= Kevin Johnson (ventriloquist) =

American entertainer

Kevin Johnson (born June 7, 1970) is a professional ventriloquist, comedian, and magician.

== Biography ==
Born in Colorado, Kevin has been a ventriloquist nearly all his life. Kevin started ventriloquism when he was nine years old, after his parents gave him a pull-string dummy for Christmas. Having no formal training, he taught himself the art of ventriloquism over a 4-year period. He developed his technique from parrots. It intrigued him that parrots could speak so clearly without the use of lips. Kevin later re-learned how to speak all together with the use of his tongue and his throat. Kevin was introduced to the stage by his grandfather Harley Noles, who performed magic shows throughout Colorado. He told Kevin, “If you get good enough, you can open for my show.” At the age of 13, he performed in his grandfather's show with a 5-minute act with a wooden puppet (Raymond), that his grandfather made for him.

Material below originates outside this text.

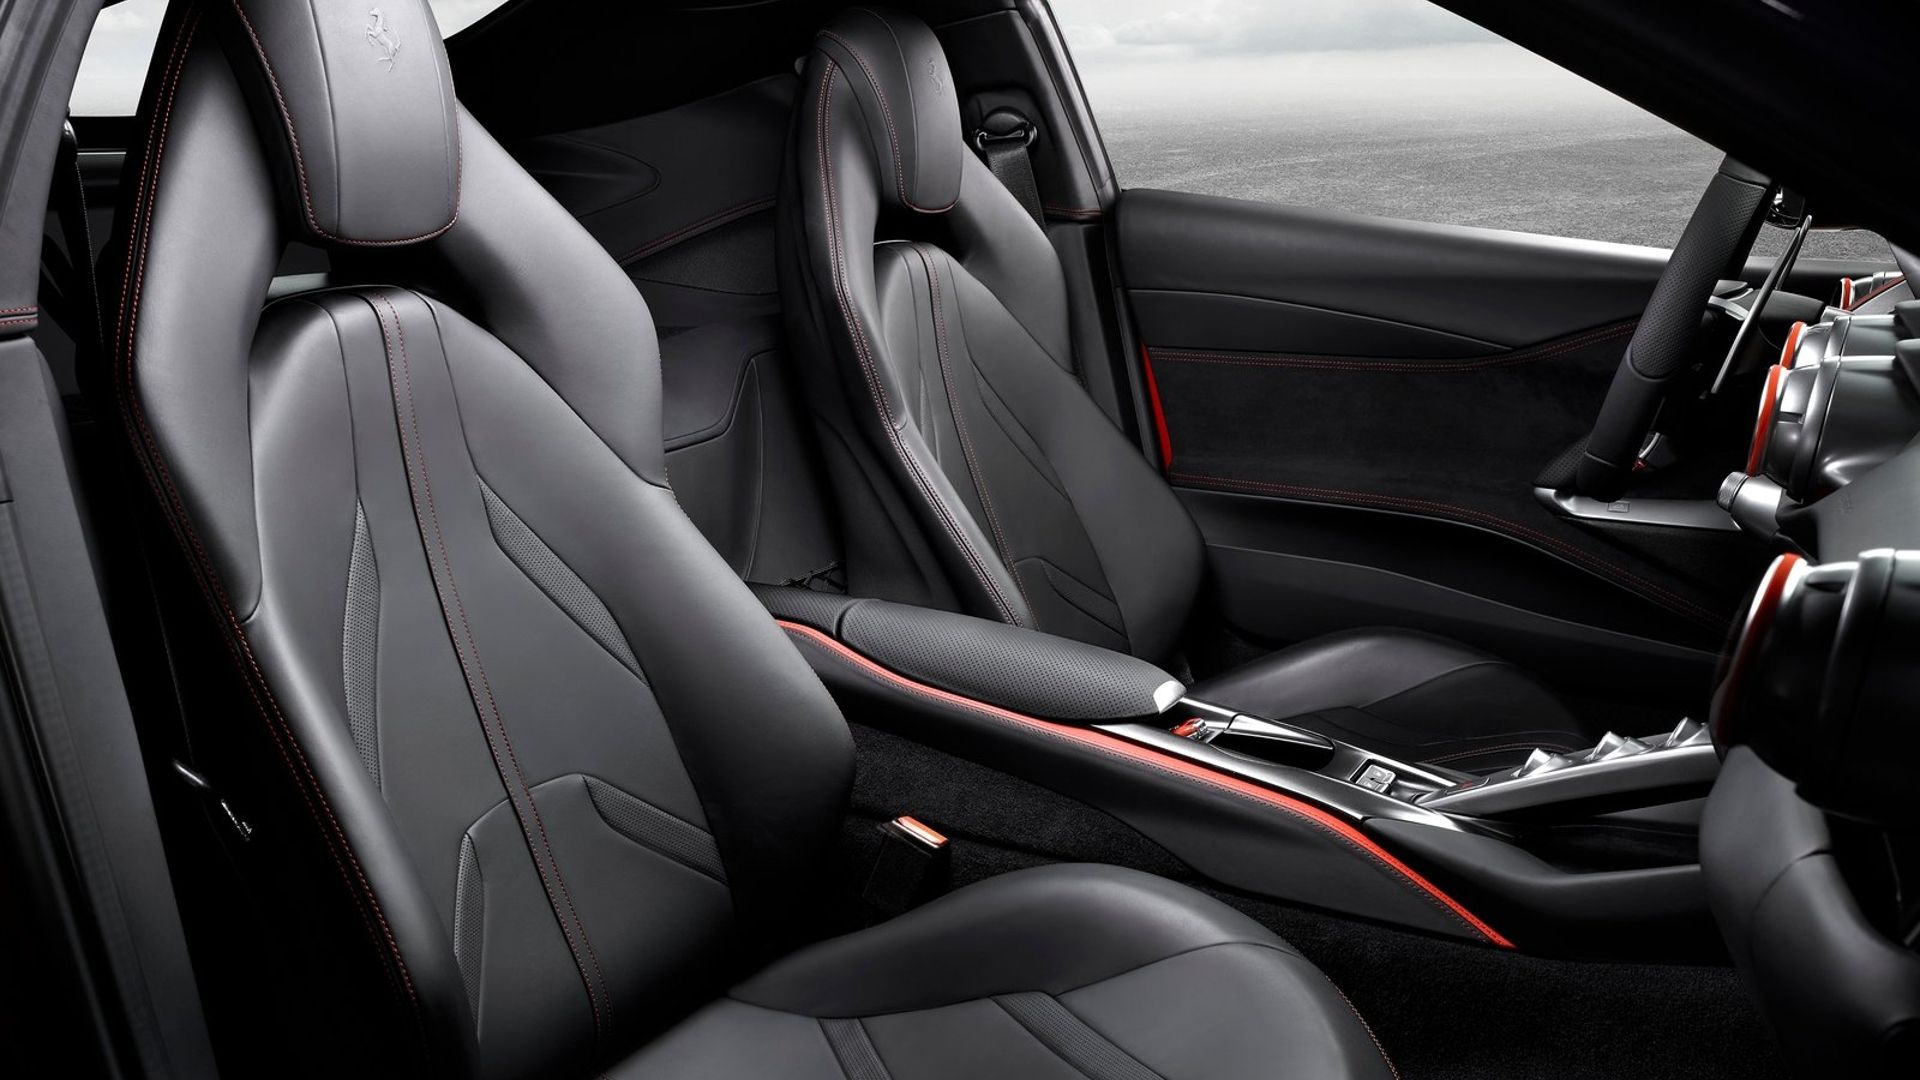 Image of the interior of the Ferrari 812 Superfast, showing the seats, dashboard, and steering wheel from the passenger side

During his college days, Johnson taught and entertained youth at a local church where he found a receptive audience for his humor. Upon graduation from college in El Cajon, California, Johnson started performing at the San Diego Zoo in 1994. He then auditioned at Legoland California to pursue his art full-time, and in February 1999, Johnson got the spot and was performing three to four 20-minute shows each day at the Legoland Playtown Theater. Legoland California nominated him for the Big E Awards through IAAPA and won the honor of “Best Male Performer” in 2004 and 2006. Kevin is the only known performer to be recognized twice. IAAPA is the International Association of Amusement Parks and Attractions, and includes attractions from over 90 countries.

Kevin is mostly recognized from his 2006 appearance on NBC’s primetime show America's Got Talent. He performed his signature "Godzilla Theater" performance, during which his voice and the voices of his puppets are out of synchronization with their mouth movements. He had developed a different version of his performance specifically for the semi-finals, in which he also exchanges voices with his puppets and simulates echos, but didn't get enough audience votes to advance to the finals.

In February 2007, Kevin appeared on the Late Show with David Letterman for the show's second "Ventriloquist Week". Starting in 2008, Johnson has started doing shows on board the Disney Cruise Line ship, "The Disney Magic." These shows last about 45 minutes and feature Clyde and Matilda, along with another puppet that is much more human like, whose name is Harley.
He has recently finished a nine-year run at San Diego's Legoland California Theme Park where he performed 8,824 shows. He is currently performing during the Summer Nights at Busch Gardens Tampa. Kevin also performs every Tuesday at the Lawrence Welk Resort in Escondido, California, performing a 40-minute show alongside magician Anthony the Magic in a show entitled "The Comedy and Magic Show".

=== Clyde and Matilda ===
Clyde and Matilda are his signature puppets. In 1983, Johnson was introduced to Clyde the Buzzard in his native state of Colorado, and performed his first "real" show with his grandfather. Nearly 10 years later, in 1991, Kevin was introduced to Matilda the Cockatoo. After adding Matilda to Clyde he performed as a trio.

==Family==
Johnson is married and lives in nearby Temecula with his wife Cherie and their five children.